-- Extracted entries --
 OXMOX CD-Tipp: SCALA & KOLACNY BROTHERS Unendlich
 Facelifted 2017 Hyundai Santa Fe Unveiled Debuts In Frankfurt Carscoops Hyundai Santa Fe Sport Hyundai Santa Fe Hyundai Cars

==

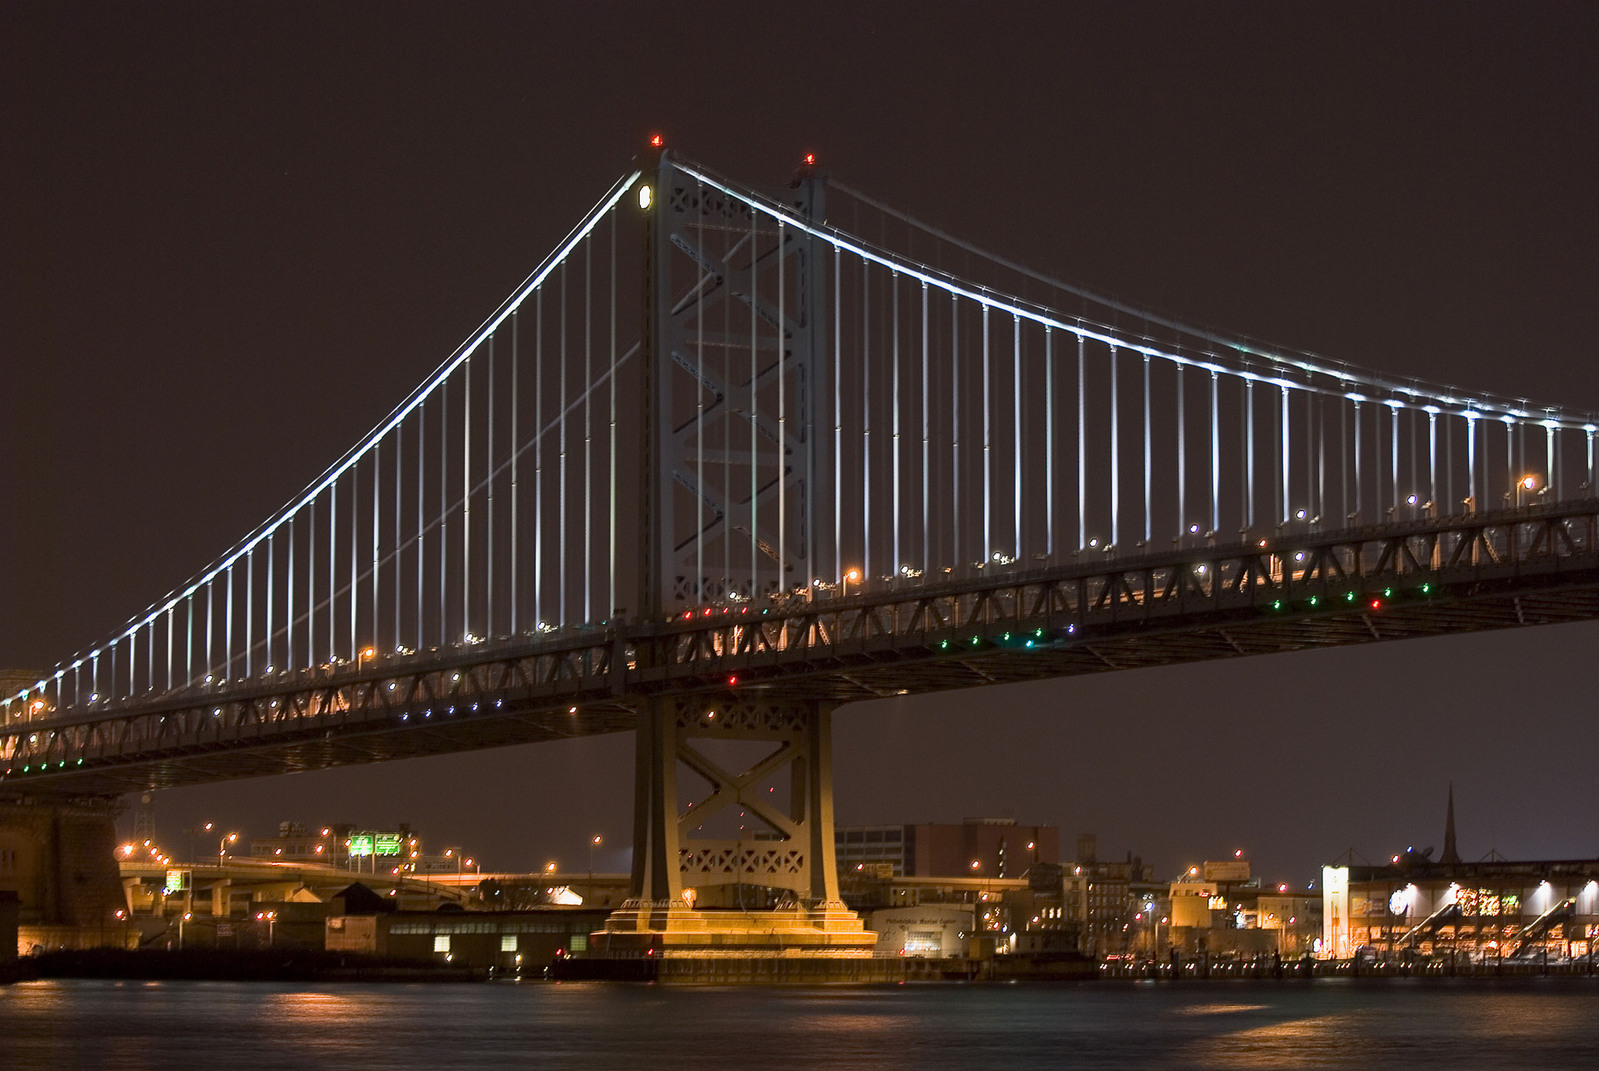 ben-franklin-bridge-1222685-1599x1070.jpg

-- What needs to be done --
Taking the entries above, print exactly the lines starting at the line with "OXMOX CD-Tipp: SCALA" and ending at the line with "Facelifted 2017 Hyundai", both included.

-- The answer --
 OXMOX CD-Tipp: SCALA & KOLACNY BROTHERS Unendlich
 Facelifted 2017 Hyundai Santa Fe Unveiled Debuts In Frankfurt Carscoops Hyundai Santa Fe Sport Hyundai Santa Fe Hyundai Cars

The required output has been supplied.